我在这里做错了什么? CouchDB专家将如何构建此视图?

What am I doing wrong here? How would a CouchDB expert build this view?

请注意,我不想使用

Note that I don't want to use the "startkey + count + 1" method that's been mentioned elsewhere, since I'd like to be able to jump to a particular page or the last page (user expectations and all), I'd like to have a friendly "?page=5" URI instead of "?startkey=348ca1829328edefe3c5b38b3a1f36d1e988084b", and I'd rather CouchDB did this work instead of bulking up my application, if I can help it.

谢谢!

推荐答案

视图函数(mapreduce)纯粹是函数.不支持诸如设置全局变量的副作用. (当您将应用程序移动到 BigCouch 时,具有数据的任意子集的多个独立服务器如何知道pageIndex是吗?)

View functions (map and reduce) are purely functional. Side-effects such as setting a global variable are not supported. (When you move your application to BigCouch, how could multiple independent servers with arbitrary subsets of the data know what pageIndex is?)

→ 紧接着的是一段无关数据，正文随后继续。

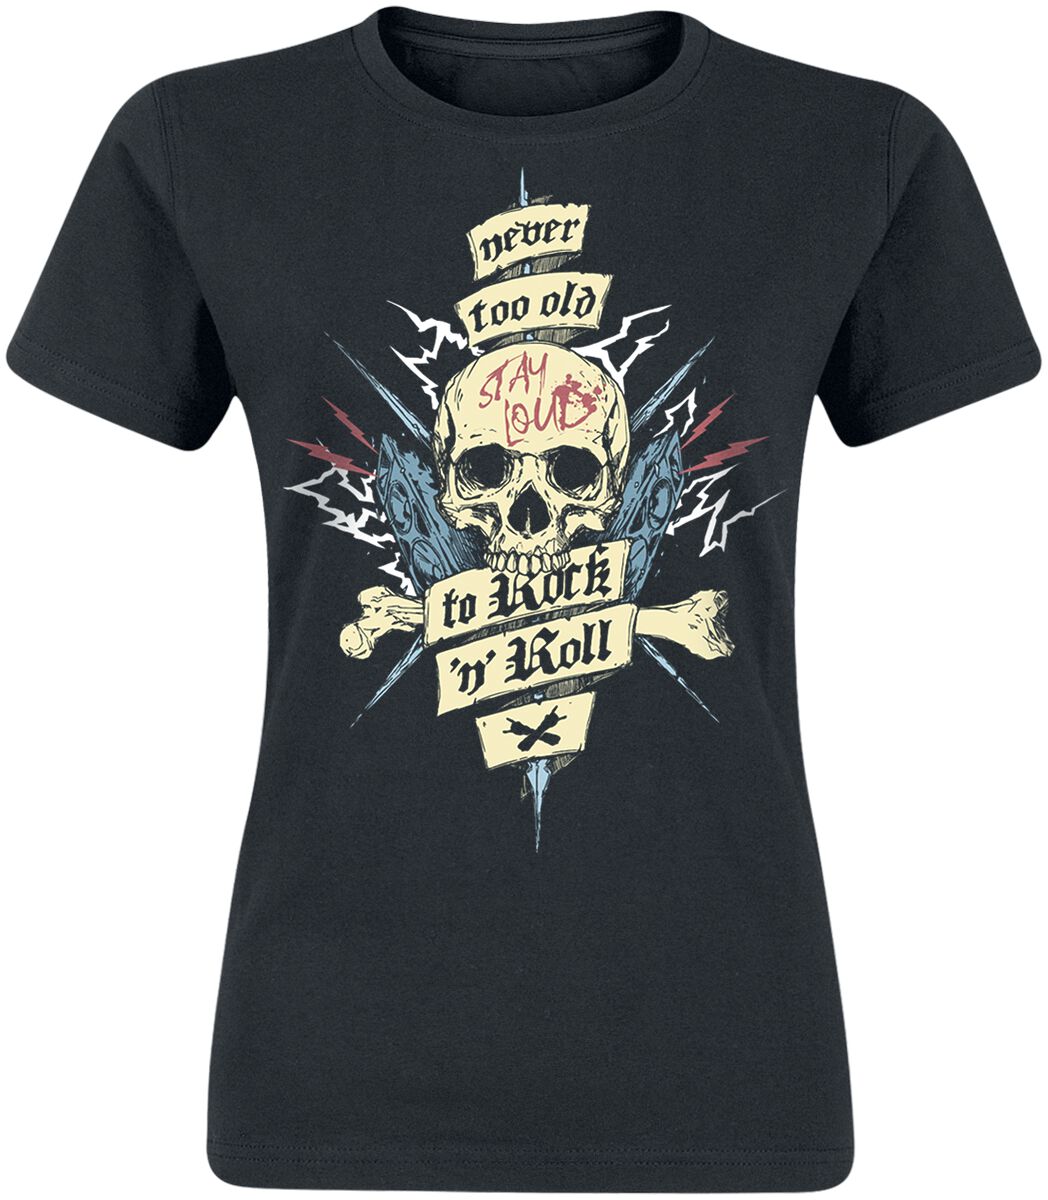 T-Shirt Manches courtes Fun de Slogans - Never Too Old To Rock 'n' Roll - S à XL - pour Femme - noir

因此,答案必须涉及传统的map函数,可能需要时间戳记.

Therefore the answer will have to involve a traditional map function, perhaps keyed by timestamp.

function(doc) {
  if (doc.type == 'log') {
    emit(doc.timestamp, null);
  }
}

如何获取第50个文档?最简单的方法是添加skip=0skip=50skip=100参数.但这并不理想(请参见下文).

How can you get every 50th document? The simplest way is to add a skip=0 or skip=50, or skip=100 parameter. However that is not ideal (see below).

一种预取第50个文档的确切ID的方法是_list函数,该函数仅每第50行输出一次. (实际上,您可以使用Mustache.JS或其他模板库来构建HTML.)

A way to pre-fetch the exact IDs of every 50th document is a _list function which only outputs every 50th row. (In practice you could use Mustache.JS or another template library to build HTML.)

function() {
  var ddoc = this,
      pageIndex = 0,
      row;

  send("[");
  while(row = getRow()) {
    if(pageIndex % 50 == 0) {
      send(JSON.stringify(row));
    }
    pageIndex += 1;
  }
  send("]");
}

这在许多情况下都可以使用,但是并不完美.我正在考虑一些注意事项-不一定要显示排行榜,但这取决于您的具体情况.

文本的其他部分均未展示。